Has that sanchezi look to me IMO.


----------



## xmunglu (Jan 29, 2003)

yeah cant get better pics for the minute...he's not got red eyes was kinds hoping they get them wiht age...mahh frank ?

he does have a greenish black pathc on gill plate i'm hoping will help wih ID


----------



## theanimedude (Jun 4, 2005)

he looks alil small to have red eyes imo.


----------



## Dr. Giggles (Oct 18, 2003)

Definitely need a better clearer flank shot. Even with the bad pic i am guessing Rhom, with a chance of being a Sanchezi.


----------



## Husky_Jim (May 26, 2003)

Serrasalmus Medinai.
Check the dark 'V' on the tail and the gold eyes.

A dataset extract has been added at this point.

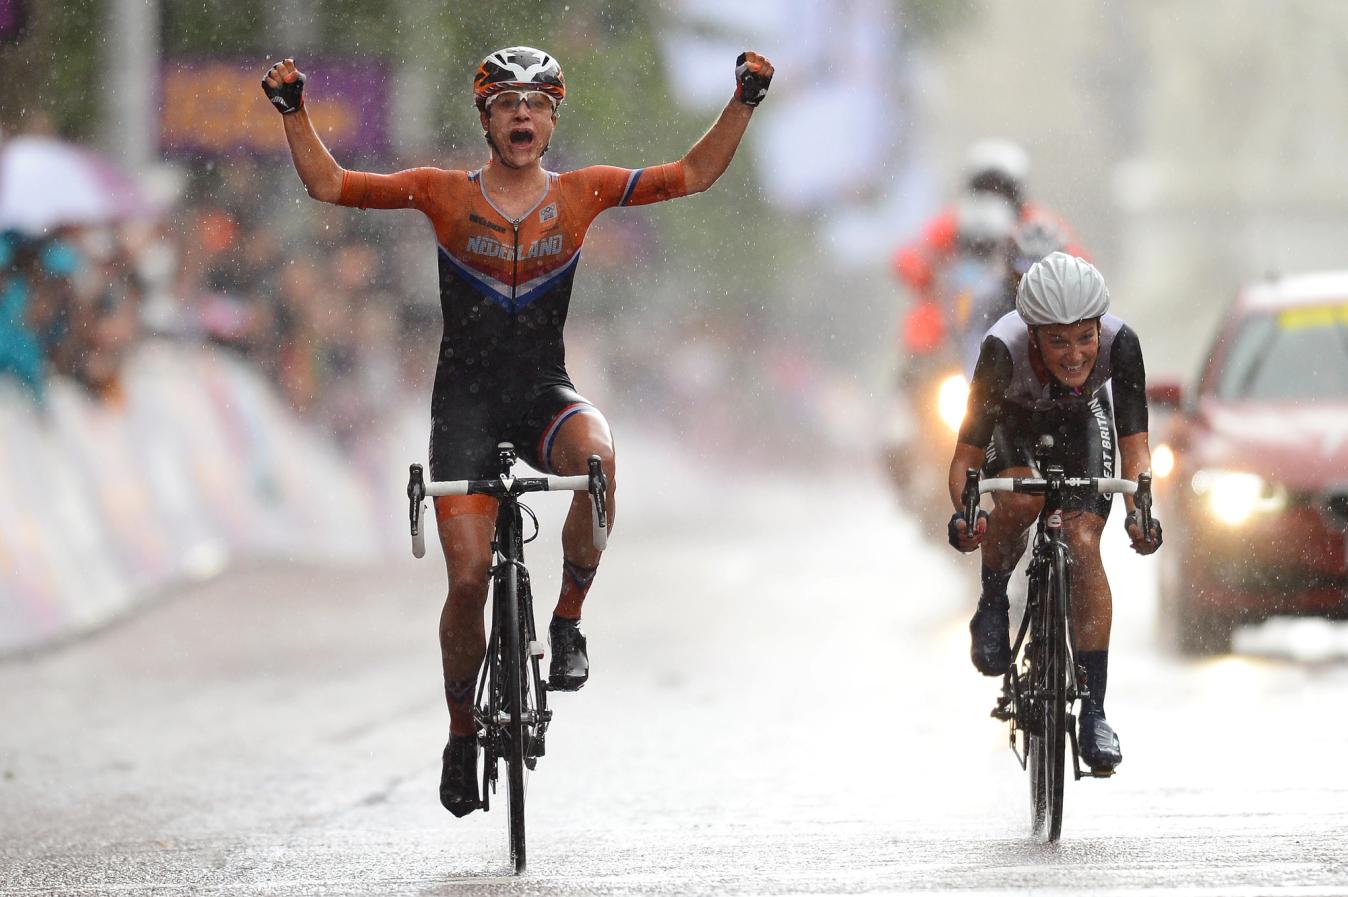 Marianne Vos winning the London 2012 Olympic road race ahead of Lizzie Deignan

For better id clearer pics needed


----------



## PirAnhA$p3ciAlisT (Oct 21, 2005)

From what I see, it doesn't look like a rhom but a more clear picture may help


----------



## jaejae (Apr 16, 2005)

Doesn't seem like a rhom. Not too sure. Wait for GG or Frank to take a look!


----------



## xmunglu (Jan 29, 2003)

frank?.... sorry for pics but still gotto buy cable to attach camera to my pc....any ideas with that pic


----------



## Grosse Gurke (Jan 3, 2003)

I dont see a positive ID coming out of those pictures. I cant see the spotting or tail well enough. He has the shape of a small rhom, but so do many other serrasalmus.


----------



## eriesteelheader (Mar 28, 2004)

it's a sanchezi imo.


----------